Cloning genes into yeast plasmid

• We numbered the beta and protox colonies in order to conduct specific and universal primer on all of them. In addition, we made restriction digestion with EcoRI and SpeI enzymes. In every test, protox sample number 3 appears to have a positive result and the rest is negative - we took this sample and inoculum into bacteria.

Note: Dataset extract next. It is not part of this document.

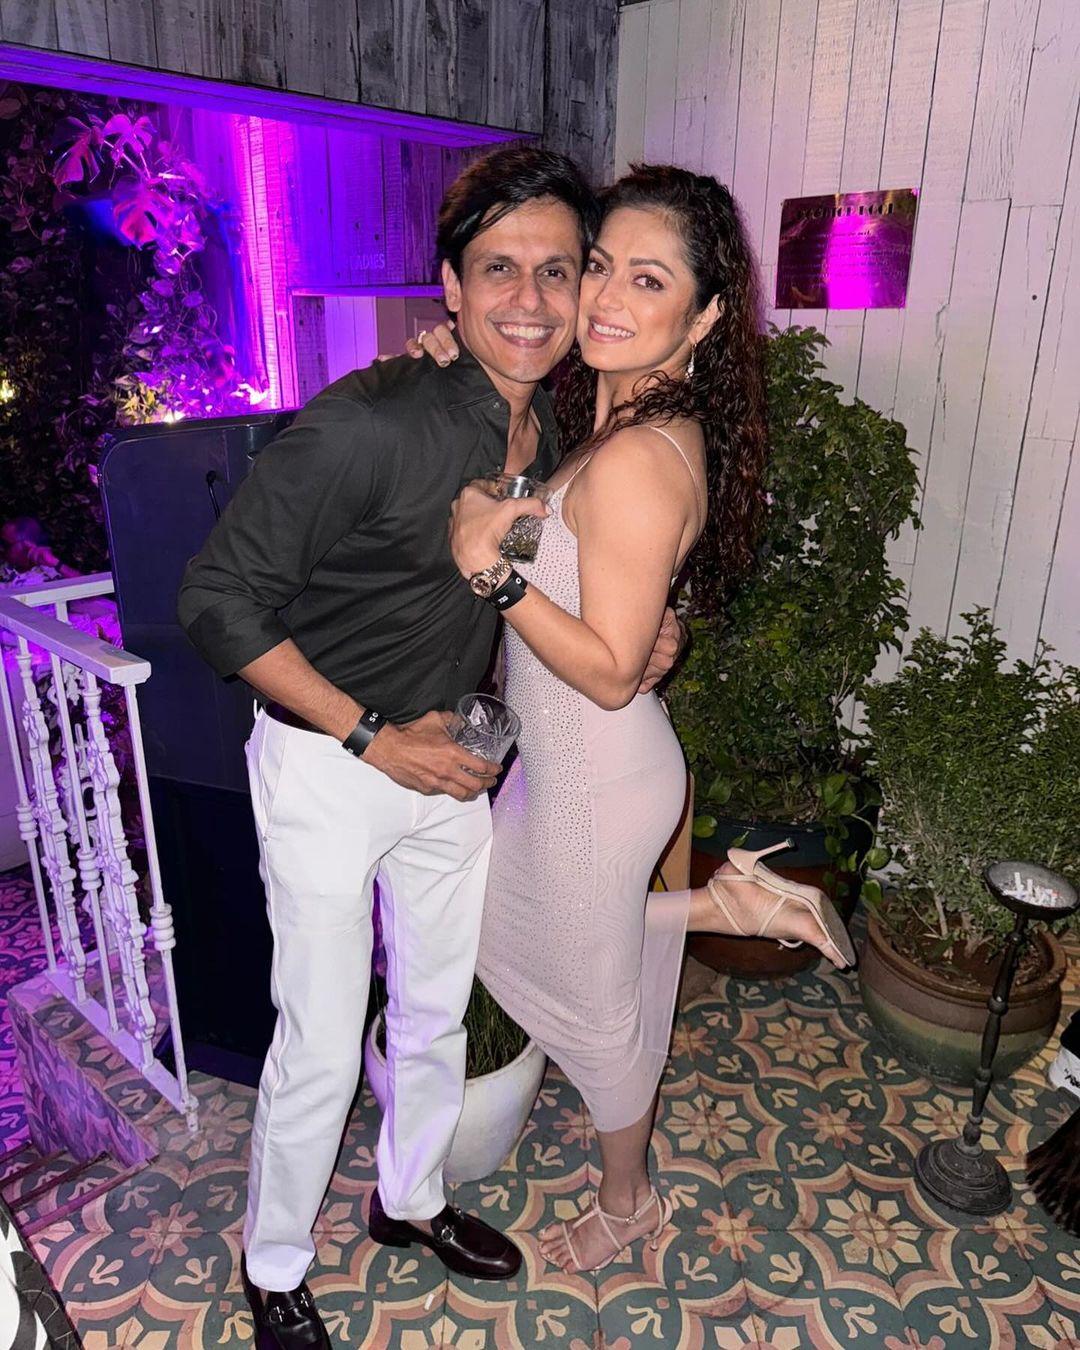 Drashti Dhami was no exception, the popular actress was seen hugging the love of her life as she dropped the pictures from their New Year celebration

  Fig.12- 1% gel electrophoresis. a: 1-5 pRS306+protox with specific primers, (-) negative control pRS306 with specific primers, (+) positive control is original gene with specific primers. 14-18 pRS306+protox with universal primers (M13 f + M13 R).
  b: 8-12 pRS306+beta with specific primers, (-)negative control pRS306 with specific primers, (+) positive control is original gene with specific primers. 19-23 pRS306+beta with universal primers (M13).
  c: 40-44 pRS306+protox cut with EcoRI and SpeI enzymes, 45-50 pRS306+beta cut with EcoRI and SpeI enzymes.

21.10.17

• With the positive plasmid (pRS306 + protox), we did transformation into S.cerevisiae 3095 with URA- mutation and isolation on URA- plates, one plate for control with pRS316.

23.10.17

• Yeast colonies appeared and tested by using PCR with universal primers (M13 F + M13 R). As seen in fig.13, after PCR reaction we received band around 2000 bp in plate number 1+2 with pRS306+KP6_protox. Just as we expected because the gene is 1900bp and the primers add another 100/200 bases.

  Fig.13- 1% gel electrophoresis, M1- GeneRuler 1 kb plus (Thermo Fisher), 1- plate number one, 2- plate number 2, 3- plate number 3, 4- control with pRS316 (empty plasmid).